Exploring Kubernetes Service Networking
Service objects in Kubernetes are API objects used to expose pods to other pods, and the outside world. As the name suggests, Service objects allow you to treat a set of pods as a service so that they can accessed by a common name or port without knowing anything about the individual pods currently running.

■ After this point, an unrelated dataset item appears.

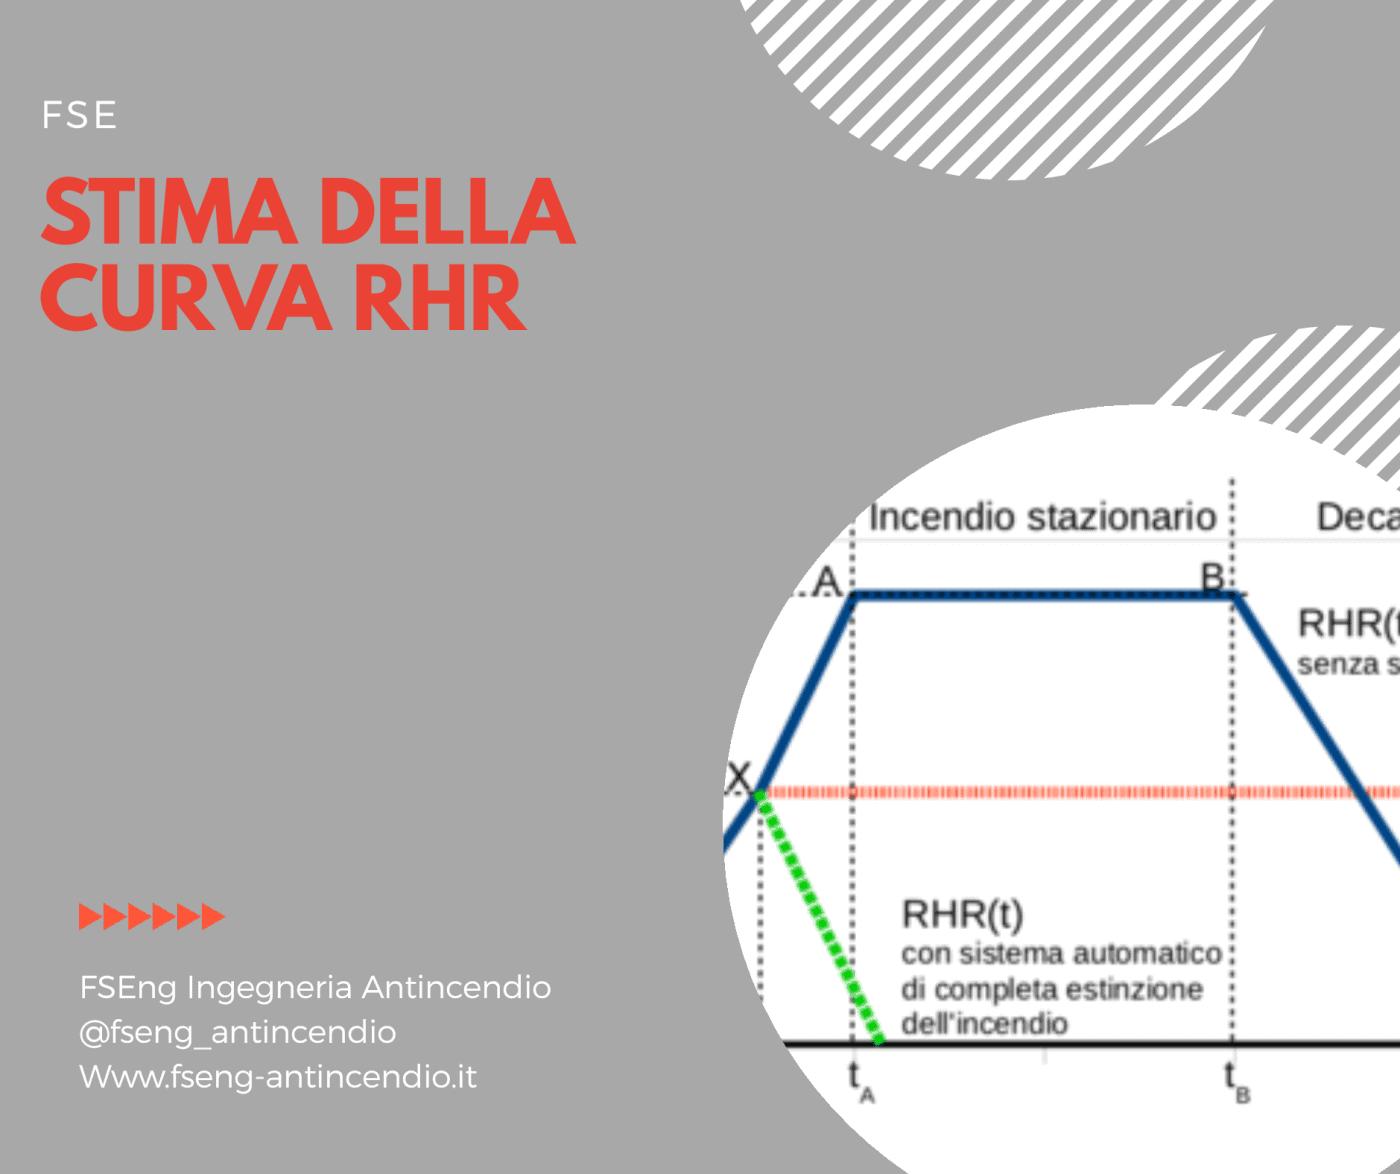 stima della curva rhr

In this post, I'll be exploring the Service objects in Kubernetes using my own bare-metal Raspberry Pi K3s cluster, and peeking under the hood at the fairly low-level Linux networking magic that makes it all possible. We'll see how each service type we define builds on the last, with ClusterIPs as the foundation.
ClusterIP Services
A ClusterIP Service is the default object Service type. It creates a proxy for internal communication between pods. If you think about a ClusterIP Service like a loadbalancer/proxy appliance, it's a bit simpler to understand. Say for example we have front-end Pods that need to talk to our back-end Pods, our front-end Pods send requests to the load-balancer's virtual IP address and the load-balancer then proxies the requests to one of the back-end pods in the pool. You might ask why we couldn't just configure our front-end Pods to talk to our back-end Pods directly by IP address. Well first, we could have multiple back-end Pods at any given time. Second, remember that Pods are ephemeral and their IP addresses aren't predictable. If our back-end pod dies and a new replica is created, it would likely have a different IP address. If our Pods were traditional servers instead of Pods in this scenario, we'd use a load-balancer and point all of the front-end servers to a single virtual IP address on the load-balancer. The load-balancer would then proxy the connections to the various back-end servers in the pool. This is exactly what a ClusterIP is; It's a virtual IP address (and DNS record) used inside the Cluster to access resources on other Pods.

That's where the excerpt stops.